If you’re thinking to yourself, hey this guy seems to be suddenly overusing quotes; is he trying to burn words, my response would be: no way, man. The thing about form is it’s just a construct. Just as the urge to destroy is a creative urge, collage or even the lack of form itself, is a configuration. Do you ever stop and just consider the opposite of something—like, I mean really dwell on the idea of polarity? It’s a brilliant little thought exercise; it teases out the nuance collecting in the corners of our reality. Take nostalgia for example. What’s the opposite of nostalgia? It’s trauma. It’s like why does nostalgia still kind of hurt, man? It’s like the traumatic good. The imprint of yearning.

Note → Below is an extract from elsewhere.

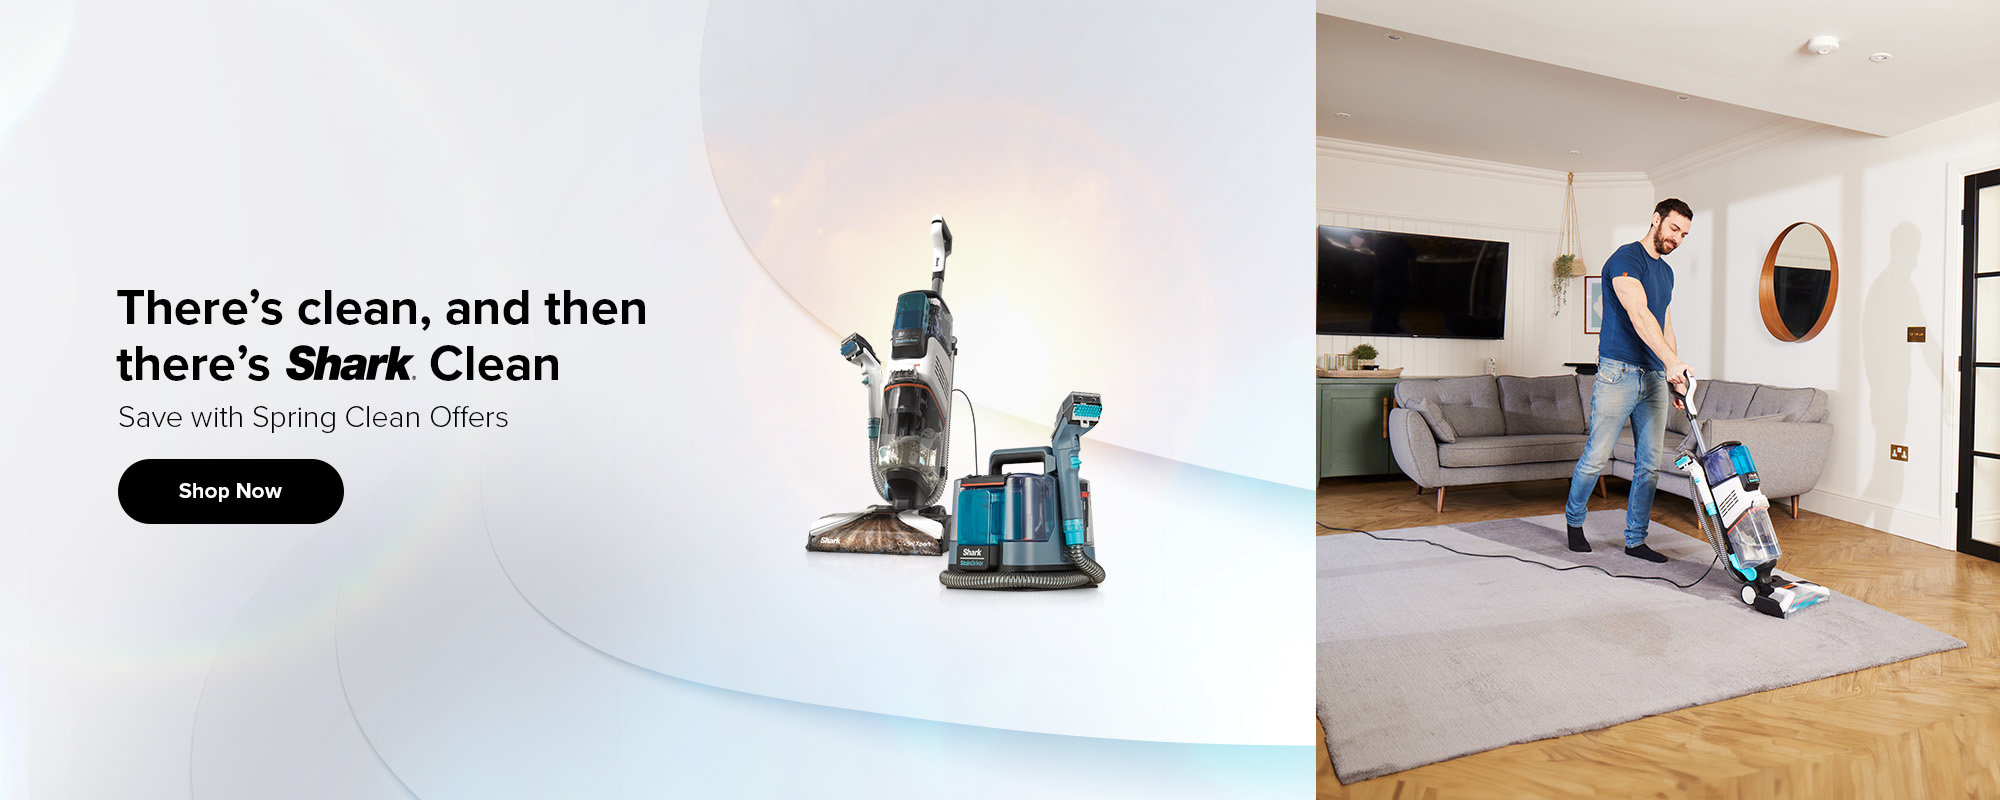 Save up to £130 with the latest offers on Shark Vacuum Cleaners

Like just look at what’s in front of you, and see if you can put together a list of foils, because once you know the opposite of something, you can find the opposite of an opposite—which is just what the thing is, man. I recommend not watching this film at all, man. You don’t need to fill your head with some contrived post-grad pseudo-wisdom and shit. You’ve got enough thoughts for yourself man, and those are the ones that count, man. Take a walk—look at the leaves or something. I don’t know: movies are cool and all, but sometimes they make me feel like I’m going crazy, man. Like, what’s the opposite of a movie—reality?

That’s when a sniper’s round cuts through the window. The sound is surgical and precise. A dropped glass would have ignited more commotion, but I’m up—bunching the schizophrenic napkin scrawls into my pocket like cash. Vested individuals with their faces covered in black kick in the cafe’s door, and I drop to my hands and knees. I had noticed a back patio earlier, and I shuffle towards my final chance at escape. The mercenaries move through the cafe like it was choreographed. One of the troopers has their back to me for a moment and that’s when I spy a tastefully weathered copy of Maggie O Farrell’s, Hamnet, tucked in their back pocket. My heart sinks… for this is where I die.